** Exercise requirements **
Transcribe every record in full, keeping it exactly the same.

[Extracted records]

○ ○ ○

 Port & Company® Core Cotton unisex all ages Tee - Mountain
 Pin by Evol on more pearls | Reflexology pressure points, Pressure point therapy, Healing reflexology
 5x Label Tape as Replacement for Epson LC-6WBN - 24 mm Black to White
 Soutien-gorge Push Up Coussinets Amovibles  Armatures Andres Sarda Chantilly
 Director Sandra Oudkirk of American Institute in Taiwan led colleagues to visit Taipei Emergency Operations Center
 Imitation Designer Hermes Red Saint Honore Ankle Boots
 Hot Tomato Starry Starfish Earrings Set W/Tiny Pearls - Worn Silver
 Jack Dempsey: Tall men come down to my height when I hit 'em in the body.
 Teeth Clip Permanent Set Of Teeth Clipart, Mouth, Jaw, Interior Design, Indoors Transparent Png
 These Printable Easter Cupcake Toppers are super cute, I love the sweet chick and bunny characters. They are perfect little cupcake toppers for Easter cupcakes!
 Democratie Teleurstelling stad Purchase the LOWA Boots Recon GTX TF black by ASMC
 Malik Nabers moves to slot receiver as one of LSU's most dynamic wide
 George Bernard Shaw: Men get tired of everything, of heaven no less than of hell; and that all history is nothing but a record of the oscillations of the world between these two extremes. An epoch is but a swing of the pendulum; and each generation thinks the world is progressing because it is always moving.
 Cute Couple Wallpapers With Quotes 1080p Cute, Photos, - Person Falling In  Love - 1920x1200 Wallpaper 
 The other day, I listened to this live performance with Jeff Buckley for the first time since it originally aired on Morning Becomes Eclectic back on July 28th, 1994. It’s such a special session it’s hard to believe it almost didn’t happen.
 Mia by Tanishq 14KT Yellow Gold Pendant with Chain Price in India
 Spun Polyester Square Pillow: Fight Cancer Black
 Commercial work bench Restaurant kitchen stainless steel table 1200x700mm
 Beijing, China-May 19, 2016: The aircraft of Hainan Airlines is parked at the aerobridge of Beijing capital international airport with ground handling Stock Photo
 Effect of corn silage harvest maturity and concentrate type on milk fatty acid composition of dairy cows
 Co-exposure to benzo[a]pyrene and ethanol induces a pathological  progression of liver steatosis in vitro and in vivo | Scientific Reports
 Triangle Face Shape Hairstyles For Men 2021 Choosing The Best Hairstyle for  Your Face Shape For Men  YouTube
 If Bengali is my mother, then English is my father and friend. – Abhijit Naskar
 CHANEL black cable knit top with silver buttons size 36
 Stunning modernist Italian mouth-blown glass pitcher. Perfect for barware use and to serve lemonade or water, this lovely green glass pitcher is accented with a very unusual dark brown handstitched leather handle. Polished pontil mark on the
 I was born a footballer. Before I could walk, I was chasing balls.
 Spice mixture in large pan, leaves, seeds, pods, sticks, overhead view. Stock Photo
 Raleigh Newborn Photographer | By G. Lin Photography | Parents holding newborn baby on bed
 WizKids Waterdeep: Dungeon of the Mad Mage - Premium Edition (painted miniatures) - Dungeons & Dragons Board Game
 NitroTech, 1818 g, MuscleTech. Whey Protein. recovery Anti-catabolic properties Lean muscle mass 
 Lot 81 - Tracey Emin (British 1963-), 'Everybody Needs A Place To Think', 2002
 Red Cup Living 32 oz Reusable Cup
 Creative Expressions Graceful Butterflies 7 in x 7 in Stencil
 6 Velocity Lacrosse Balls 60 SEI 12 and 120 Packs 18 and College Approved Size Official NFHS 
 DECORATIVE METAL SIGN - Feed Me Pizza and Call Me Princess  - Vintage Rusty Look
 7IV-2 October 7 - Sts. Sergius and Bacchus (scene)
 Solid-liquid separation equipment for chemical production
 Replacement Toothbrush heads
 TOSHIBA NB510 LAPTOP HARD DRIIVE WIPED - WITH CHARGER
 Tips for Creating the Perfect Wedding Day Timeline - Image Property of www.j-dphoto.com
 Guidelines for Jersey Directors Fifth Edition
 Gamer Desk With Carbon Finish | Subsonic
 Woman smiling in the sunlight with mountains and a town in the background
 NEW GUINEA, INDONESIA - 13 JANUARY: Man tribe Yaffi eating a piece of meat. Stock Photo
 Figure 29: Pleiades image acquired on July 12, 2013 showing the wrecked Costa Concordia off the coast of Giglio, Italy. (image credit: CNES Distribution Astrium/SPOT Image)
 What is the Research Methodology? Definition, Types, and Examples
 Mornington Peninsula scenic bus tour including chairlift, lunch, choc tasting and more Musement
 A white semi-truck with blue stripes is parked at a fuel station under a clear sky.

○ ○ ○

** Task output **
 Port & Company® Core Cotton unisex all ages Tee - Mountain
 Pin by Evol on more pearls | Reflexology pressure points, Pressure point therapy, Healing reflexology
 5x Label Tape as Replacement for Epson LC-6WBN - 24 mm Black to White
 Soutien-gorge Push Up Coussinets Amovibles  Armatures Andres Sarda Chantilly
 Director Sandra Oudkirk of American Institute in Taiwan led colleagues to visit Taipei Emergency Operations Center
 Imitation Designer Hermes Red Saint Honore Ankle Boots
 Hot Tomato Starry Starfish Earrings Set W/Tiny Pearls - Worn Silver
 Jack Dempsey: Tall men come down to my height when I hit 'em in the body.
 Teeth Clip Permanent Set Of Teeth Clipart, Mouth, Jaw, Interior Design, Indoors Transparent Png
 These Printable Easter Cupcake Toppers are super cute, I love the sweet chick and bunny characters. They are perfect little cupcake toppers for Easter cupcakes!
 Democratie Teleurstelling stad Purchase the LOWA Boots Recon GTX TF black by ASMC
 Malik Nabers moves to slot receiver as one of LSU's most dynamic wide
 George Bernard Shaw: Men get tired of everything, of heaven no less than of hell; and that all history is nothing but a record of the oscillations of the world between these two extremes. An epoch is but a swing of the pendulum; and each generation thinks the world is progressing because it is always moving.
 Cute Couple Wallpapers With Quotes 1080p Cute, Photos, - Person Falling In  Love - 1920x1200 Wallpaper 
 The other day, I listened to this live performance with Jeff Buckley for the first time since it originally aired on Morning Becomes Eclectic back on July 28th, 1994. It’s such a special session it’s hard to believe it almost didn’t happen.
 Mia by Tanishq 14KT Yellow Gold Pendant with Chain Price in India
 Spun Polyester Square Pillow: Fight Cancer Black
 Commercial work bench Restaurant kitchen stainless steel table 1200x700mm
 Beijing, China-May 19, 2016: The aircraft of Hainan Airlines is parked at the aerobridge of Beijing capital international airport with ground handling Stock Photo
 Effect of corn silage harvest maturity and concentrate type on milk fatty acid composition of dairy cows
 Co-exposure to benzo[a]pyrene and ethanol induces a pathological  progression of liver steatosis in vitro and in vivo | Scientific Reports
 Triangle Face Shape Hairstyles For Men 2021 Choosing The Best Hairstyle for  Your Face Shape For Men  YouTube
 If Bengali is my mother, then English is my father and friend. – Abhijit Naskar
 CHANEL black cable knit top with silver buttons size 36
 Stunning modernist Italian mouth-blown glass pitcher. Perfect for barware use and to serve lemonade or water, this lovely green glass pitcher is accented with a very unusual dark brown handstitched leather handle. Polished pontil mark on the
 I was born a footballer. Before I could walk, I was chasing balls.
 Spice mixture in large pan, leaves, seeds, pods, sticks, overhead view. Stock Photo
 Raleigh Newborn Photographer | By G. Lin Photography | Parents holding newborn baby on bed
 WizKids Waterdeep: Dungeon of the Mad Mage - Premium Edition (painted miniatures) - Dungeons & Dragons Board Game
 NitroTech, 1818 g, MuscleTech. Whey Protein. recovery Anti-catabolic properties Lean muscle mass 
 Lot 81 - Tracey Emin (British 1963-), 'Everybody Needs A Place To Think', 2002
 Red Cup Living 32 oz Reusable Cup
 Creative Expressions Graceful Butterflies 7 in x 7 in Stencil
 6 Velocity Lacrosse Balls 60 SEI 12 and 120 Packs 18 and College Approved Size Official NFHS 
 DECORATIVE METAL SIGN - Feed Me Pizza and Call Me Princess  - Vintage Rusty Look
 7IV-2 October 7 - Sts. Sergius and Bacchus (scene)
 Solid-liquid separation equipment for chemical production
 Replacement Toothbrush heads
 TOSHIBA NB510 LAPTOP HARD DRIIVE WIPED - WITH CHARGER
 Tips for Creating the Perfect Wedding Day Timeline - Image Property of www.j-dphoto.com
 Guidelines for Jersey Directors Fifth Edition
 Gamer Desk With Carbon Finish | Subsonic
 Woman smiling in the sunlight with mountains and a town in the background
 NEW GUINEA, INDONESIA - 13 JANUARY: Man tribe Yaffi eating a piece of meat. Stock Photo
 Figure 29: Pleiades image acquired on July 12, 2013 showing the wrecked Costa Concordia off the coast of Giglio, Italy. (image credit: CNES Distribution Astrium/SPOT Image)
 What is the Research Methodology? Definition, Types, and Examples
 Mornington Peninsula scenic bus tour including chairlift, lunch, choc tasting and more Musement
 A white semi-truck with blue stripes is parked at a fuel station under a clear sky.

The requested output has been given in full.